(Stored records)
* * *

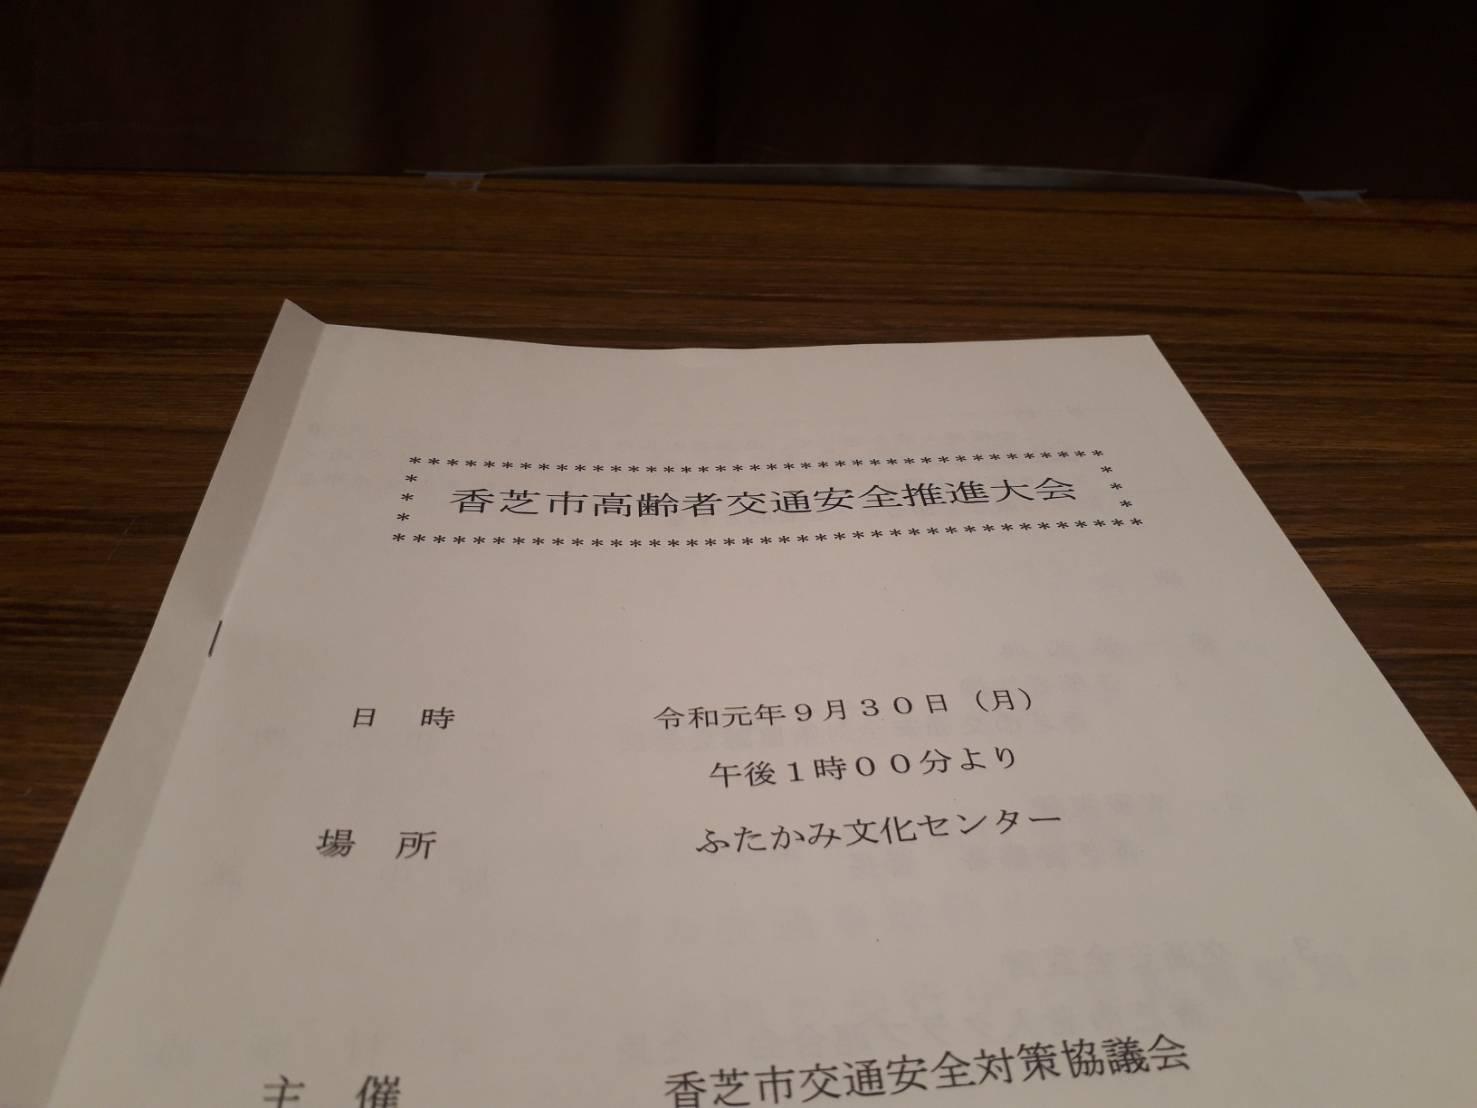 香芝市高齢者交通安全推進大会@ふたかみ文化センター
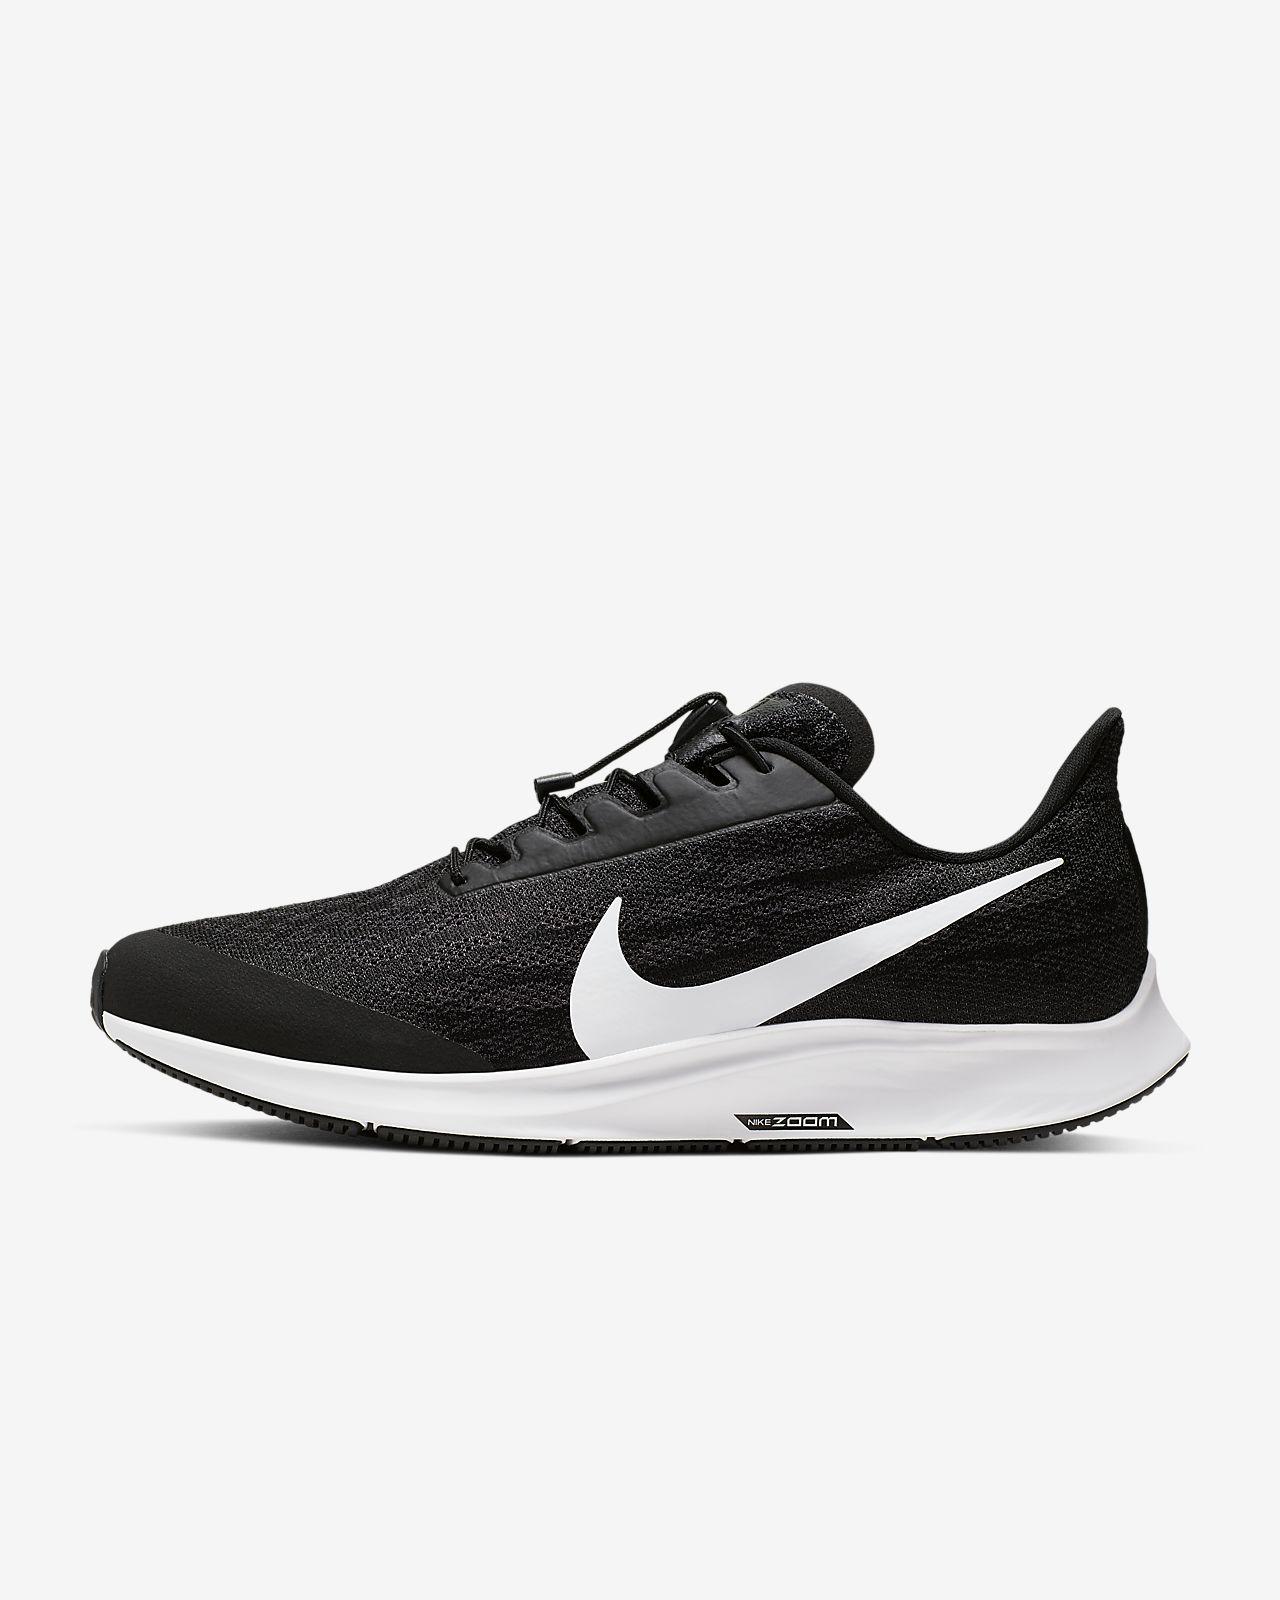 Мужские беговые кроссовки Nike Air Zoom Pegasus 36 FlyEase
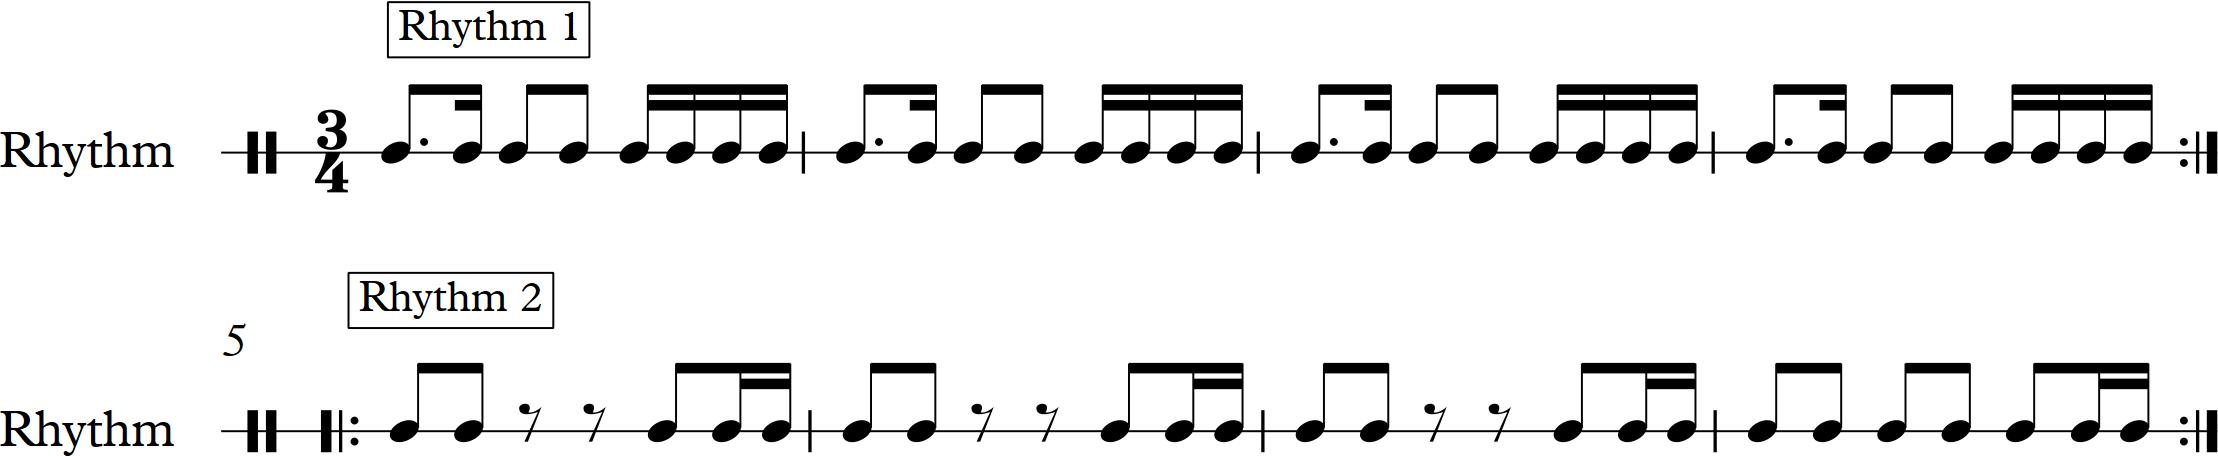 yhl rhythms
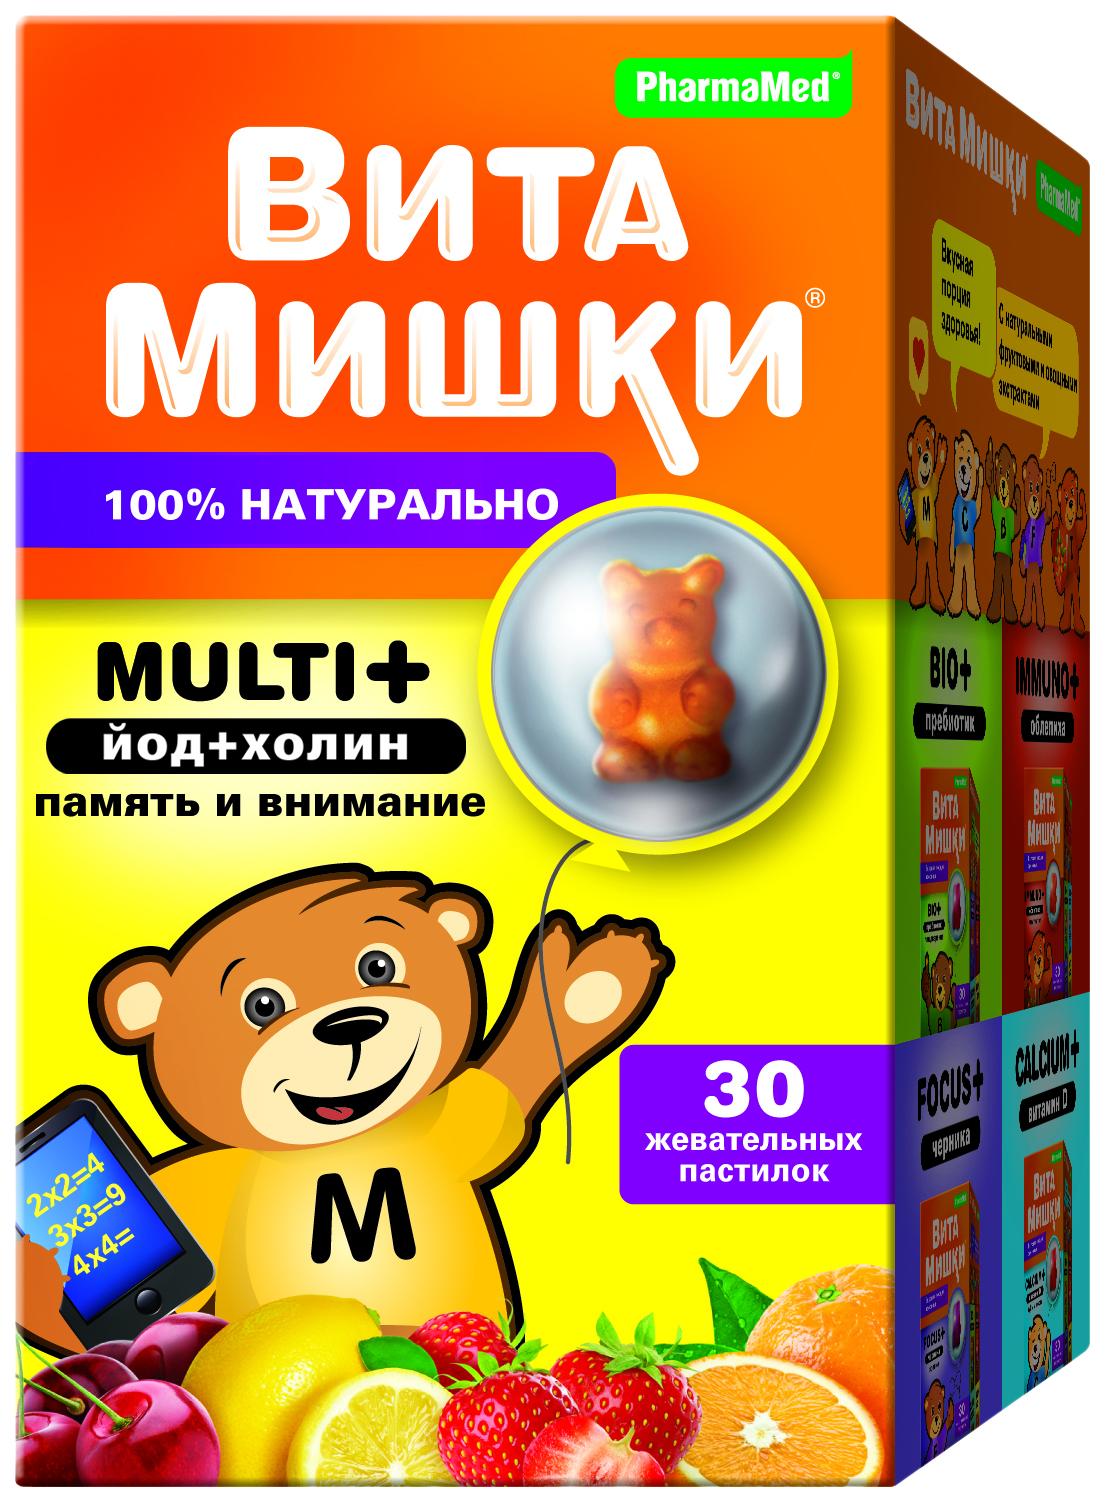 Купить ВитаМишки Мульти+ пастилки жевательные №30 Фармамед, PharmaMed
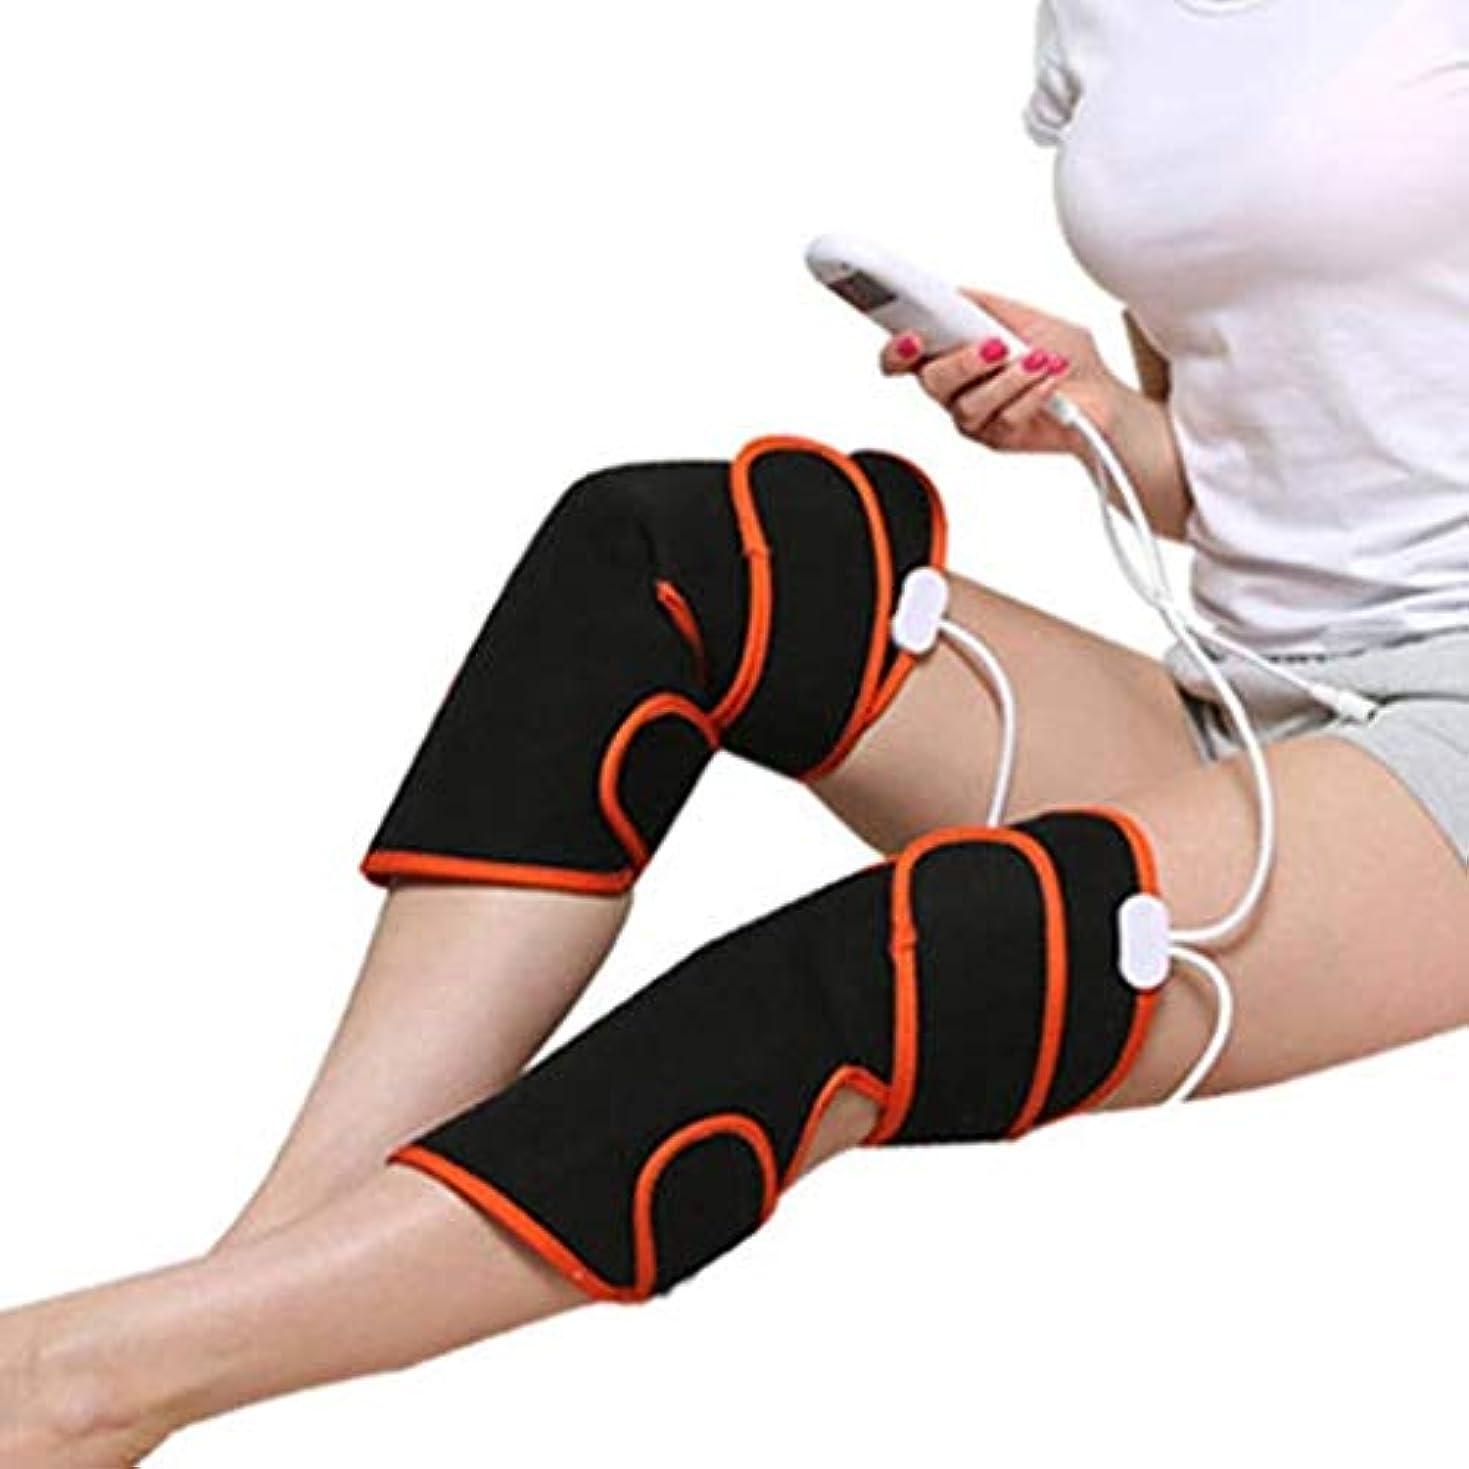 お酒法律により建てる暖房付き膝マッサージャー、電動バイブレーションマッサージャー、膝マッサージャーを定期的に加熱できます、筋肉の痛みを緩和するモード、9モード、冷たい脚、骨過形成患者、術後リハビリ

* * *

- _Assignment_:
Print every entry above verbatim but drop the images.

- _Exercise output_:
 香芝市高齢者交通安全推進大会@ふたかみ文化センター
 Мужские беговые кроссовки Nike Air Zoom Pegasus 36 FlyEase
 yhl rhythms
 Купить ВитаМишки Мульти+ пастилки жевательные №30 Фармамед, PharmaMed
 お酒法律により建てる暖房付き膝マッサージャー、電動バイブレーションマッサージャー、膝マッサージャーを定期的に加熱できます、筋肉の痛みを緩和するモード、9モード、冷たい脚、骨過形成患者、術後リハビリ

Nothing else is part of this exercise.